Apple OS X Leopard Harbors Same iOS Bug, Apple Delays Patch

Hackers can take advantage of a critical vulnerability in Apple OS X to take over Macs, warned security researchers on Nov. 8.

The vulnerability is in Leopard, an older verson of the Macintosh operating system. Despite the release of Snow Leopard more than a year ago, Leopard still accounts for approximately a third of the current installed base, the researchers said.

The warning was issued by CoreLabs Research, the research arm of Core Security Technologies. According to the security advisory, Apple wrapped up work on the patch as of Oct. 22.

According to Core, Apple set two release dates for the patch but “failed” to meet their dates without “any notice or explanation.” First expected as part of a “Mac OS 10.5 security update” scheduled for the week of Oct. 25, Apple rescheduled the release to a week later without warning.

Core researchers decided to proceed with the security advisory even though the patch allegedly exists because it was not clear when the fix will actually be rolled out to users.

It is a variation of the bug Apple patched last August in iOS that allowed developers to jailbreak iOS 4 devices, according to the researchers. That security flaw could have been exploited to plant malware or take over iOS mobile devices, including the iPhone, iPod Touch, and iPad.

The bug is specific to Mac OS X 10.5, or Leopard, and Apple verified that OS X 10.6, or Snow Leopard, is not vulnerable, said Core researchers. Core highly recommended upgrading to OS X 10.6 instead of waiting for the security update. Apple’s assigned identifier for this bug is CVE-2010-1797, said Core.

The issue is with how FreeType, an open-source font engine Apple uses in Mac OS X and iOS, parses compact font formant (CFF) fonts, Apple said of the iOS bug. FreeType has already patched the CFF bug in its source code, according to the project’s developers.

A remote attacker can execute arbitrary code by “enticing” a Mac OS X 10.5.x to view or download a PDF document containing an embedded malicious CFF font, said Core researchers.

According to Core, malicious code in the PDF file can be triggered when the operating system tries to make a thumbnail of the file, a user tries to open the file with the Preview application, users click on it from a Web site, or Mail.app accesses the e-mail it is embedded in.

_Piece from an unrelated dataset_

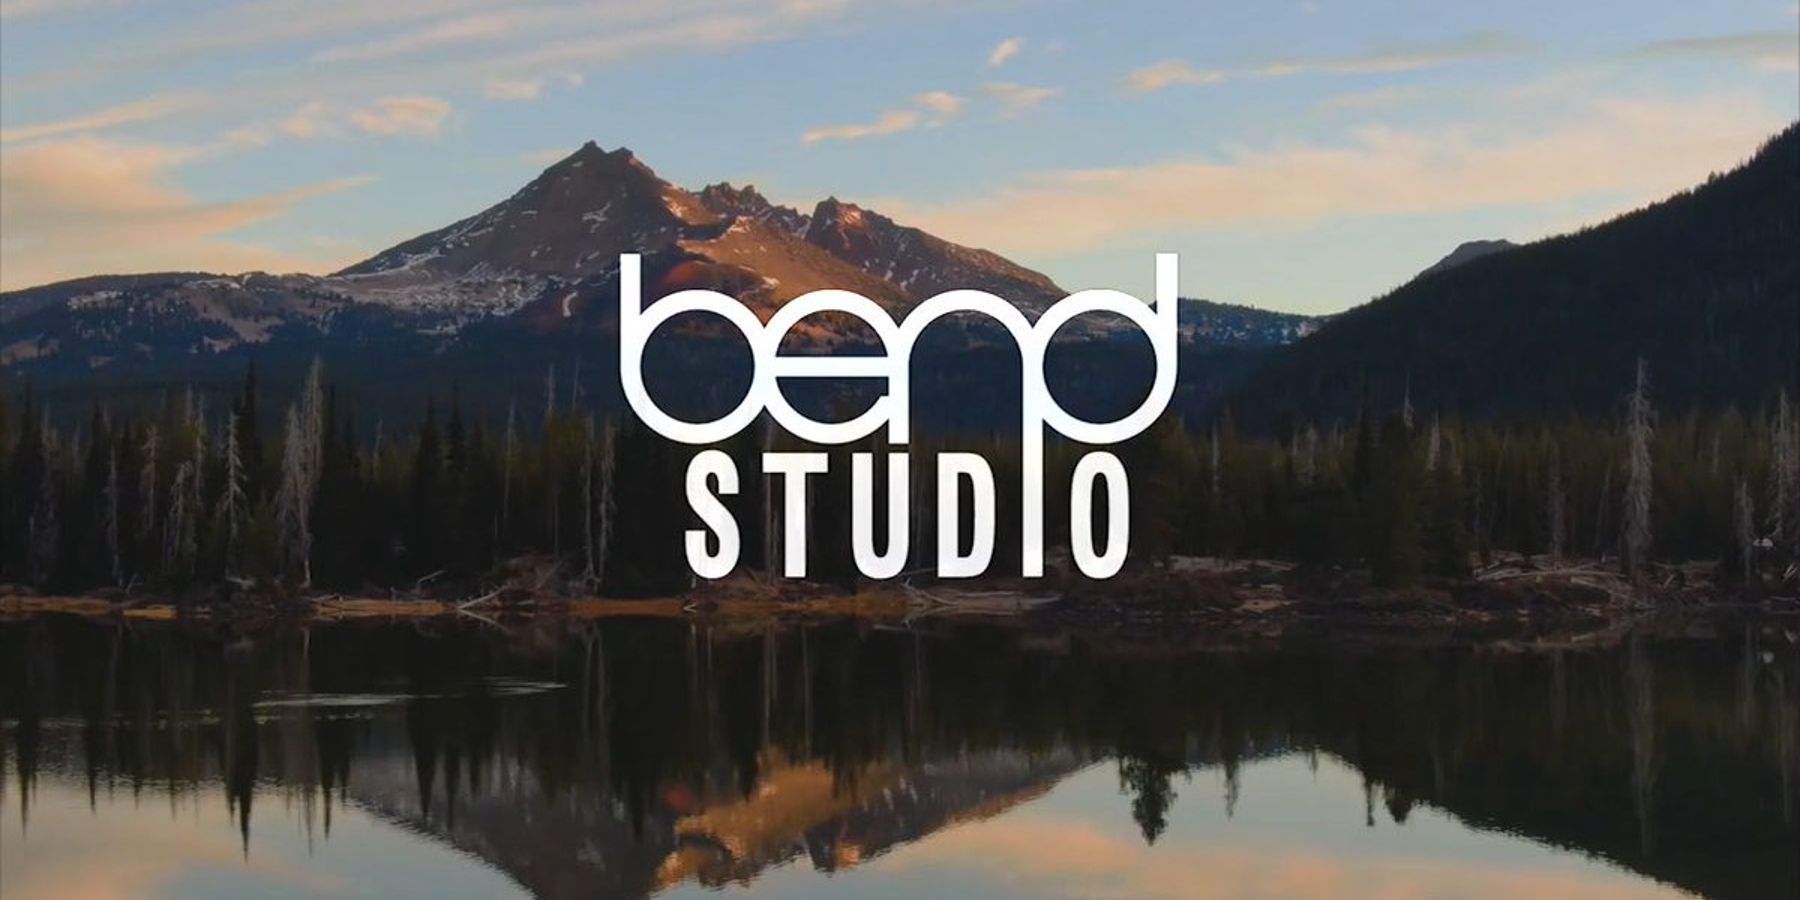 Days Gone Dev Bend Studio Teases Next Game

Many security experts noted that Mac users are often oblivious to potential security threats. While vendors like ESET and Sophos offer anti-virus software for the Mac, there is still a false sense of invulnerability among Mac users. Sophos security expert Graham Cluley speculated recently that Apple does not publicly announce anti-malware security updates for marketing reasons: “Shh! Don’t tell folks that we have to protect against malware on Mac OS X!” he wrote.

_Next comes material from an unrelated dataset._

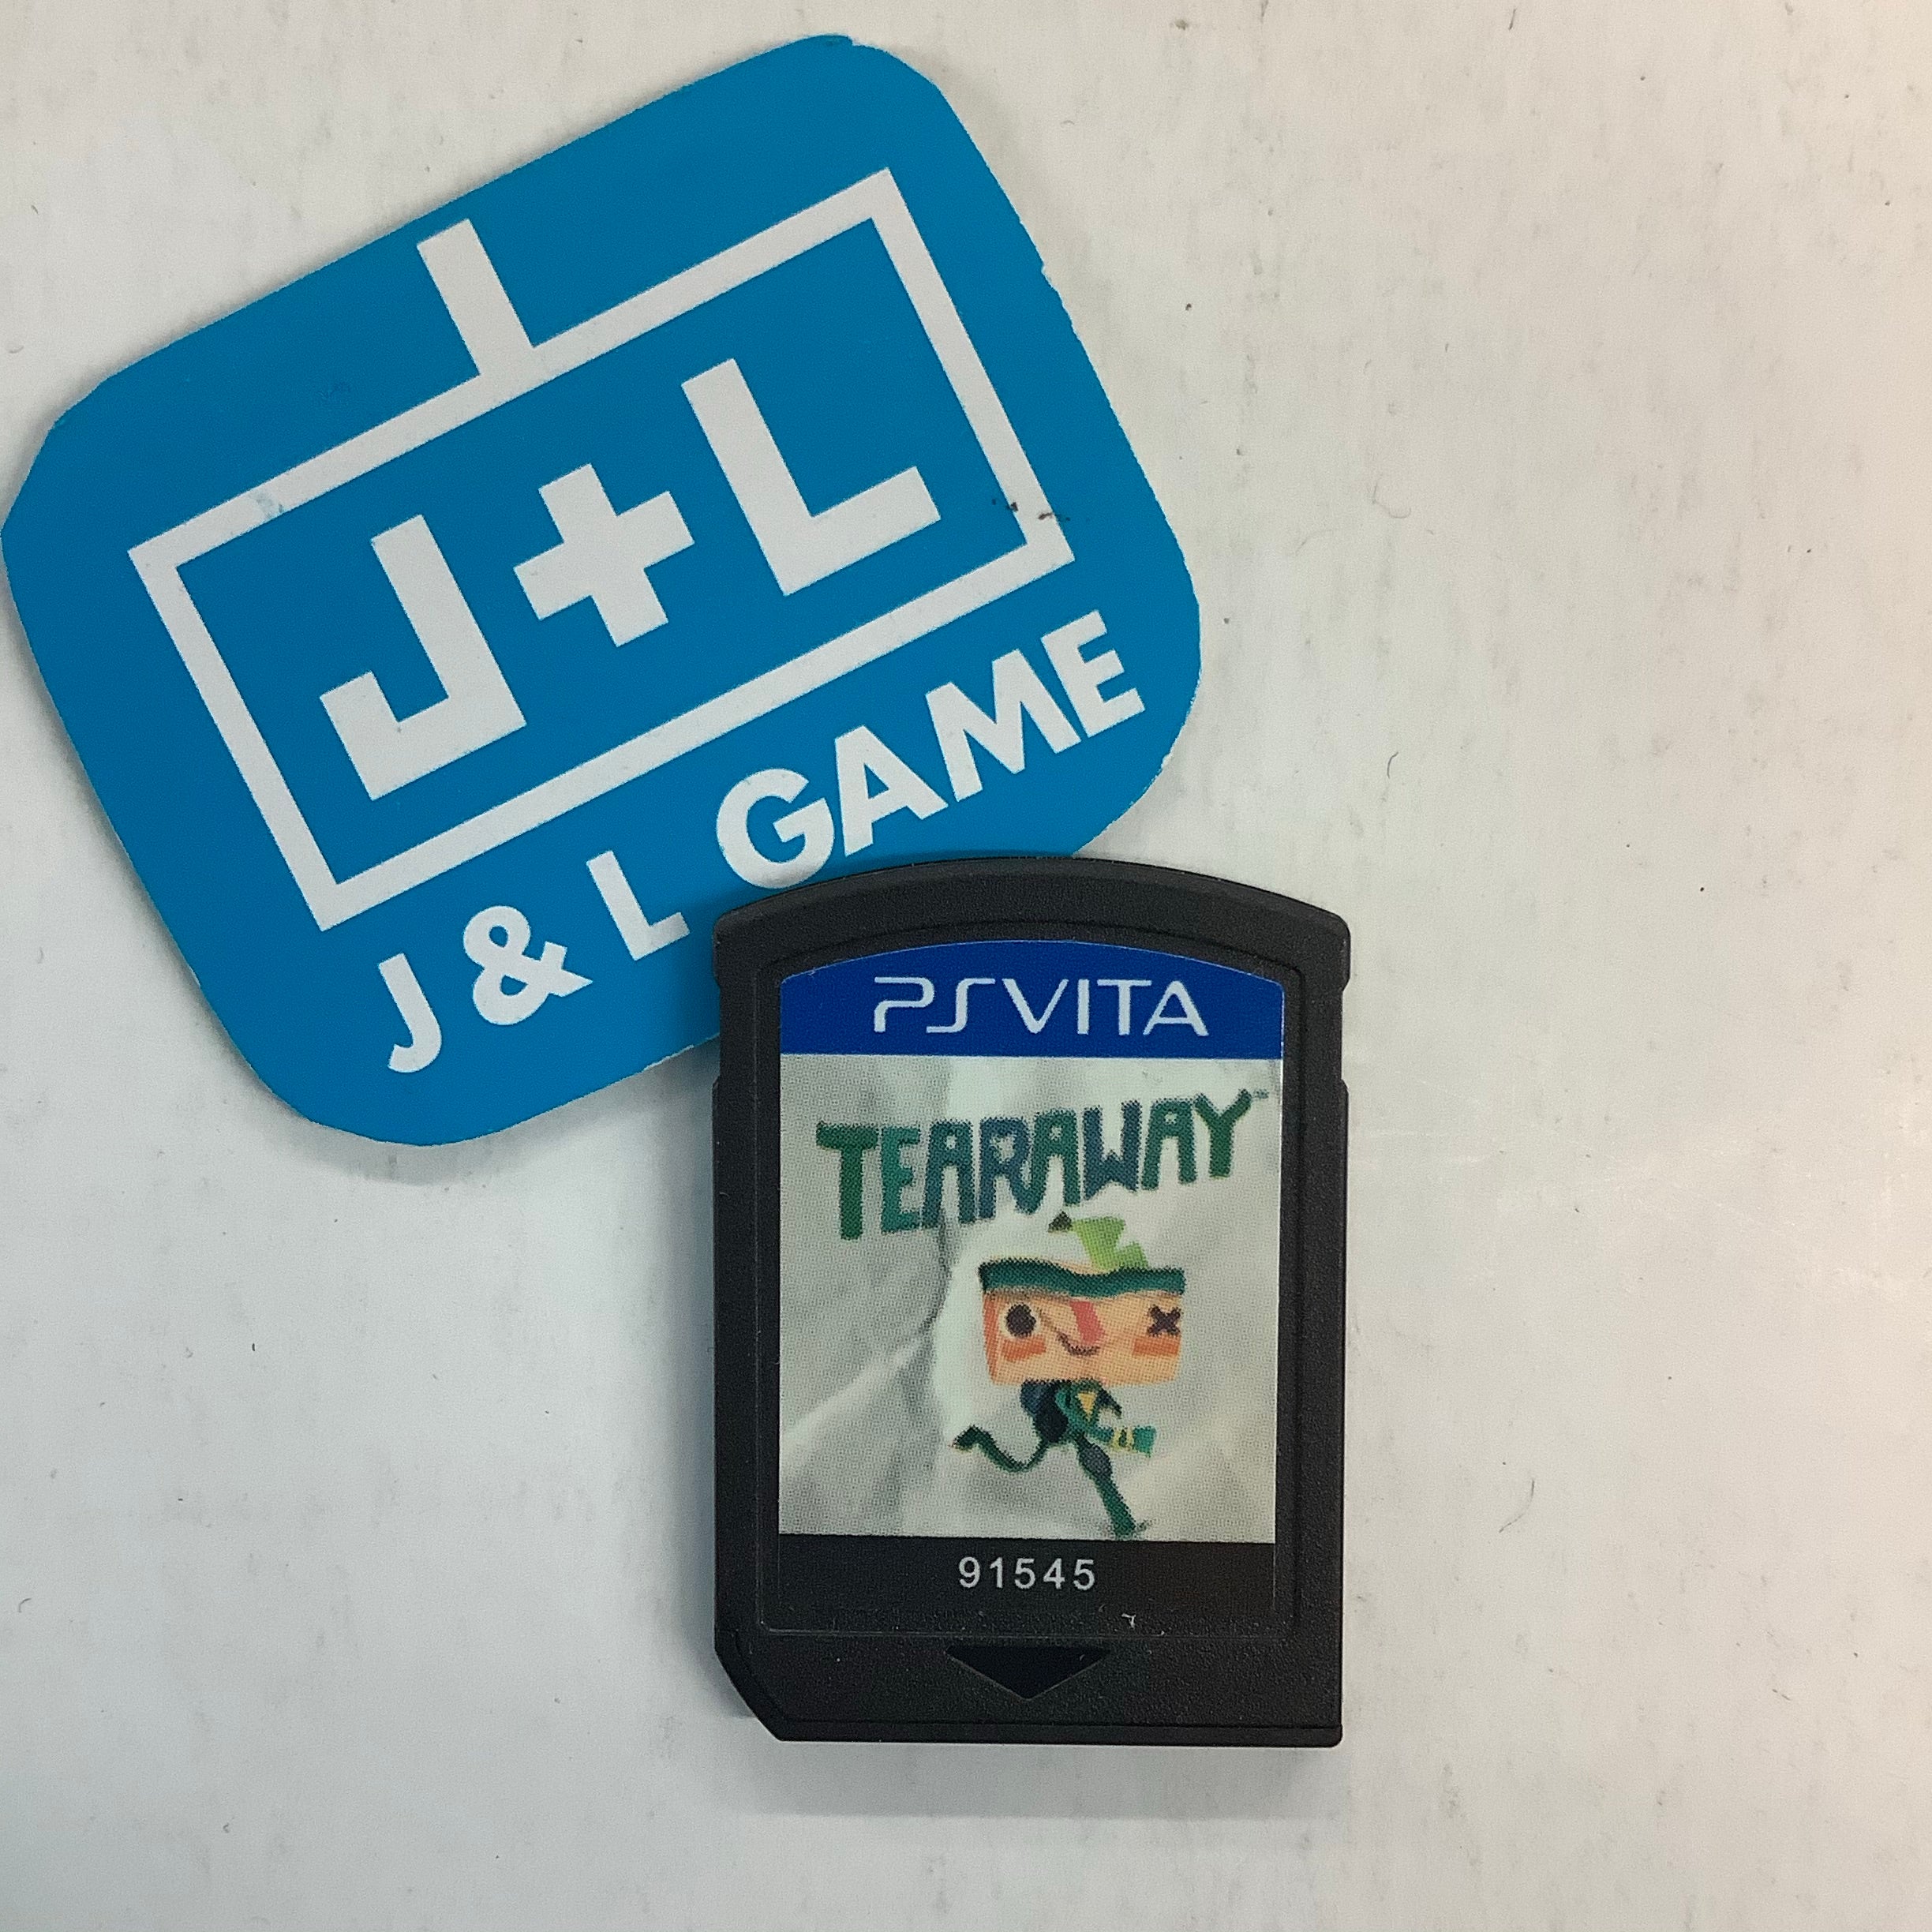 Tearaway - (PSV) PlayStation Vita [Pre-Owned] Video Games SCEA

Core reported the vulnerability to Apple on Aug. 26, two weeks after the iOS hole was patched. Core initially planned to publish the security warning on Sept. 28, but Apple said it would not be able to finish the patch by that date, according to Core’s timeline of events.

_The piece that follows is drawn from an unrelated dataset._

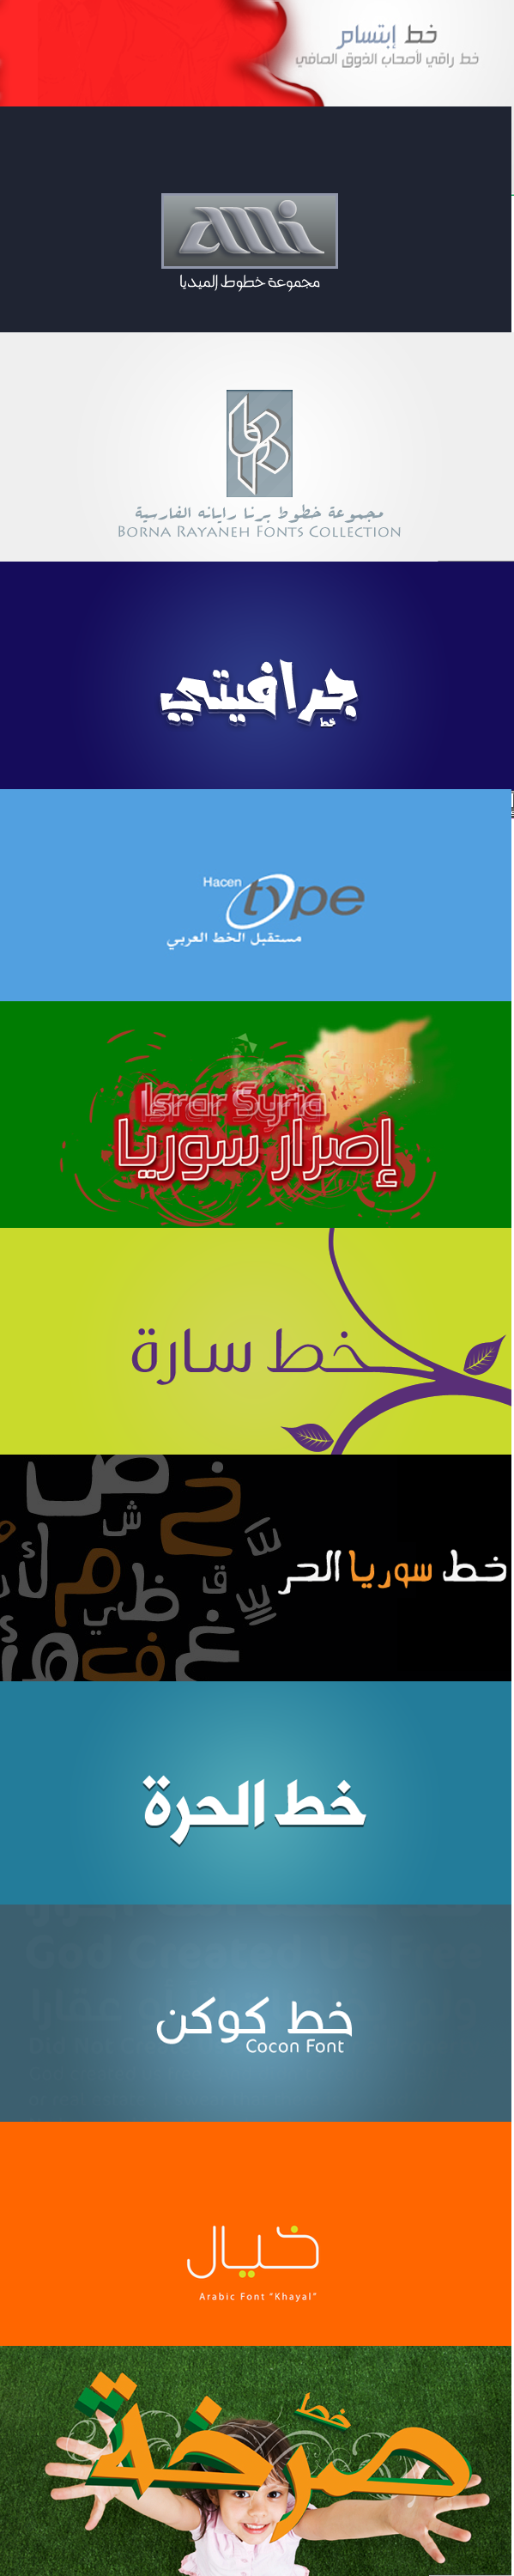 موقع للخطوط العربية الفنية الاحترافية الحصرية لعام 2021 و شرح تركيب

Apple tentatively set Oct. 18 for the update, and then finalized the fix for Oct. 25. When Core contacted the security team on Nov. 1 for an update because there was “no notice of any Apple security update,” Apple said the date had been rescheduled to the “middle of the week” of Nov. 1. At this point, Core researchers informed Apple they would go ahead and publish their warning regardless of what Apple decided to do.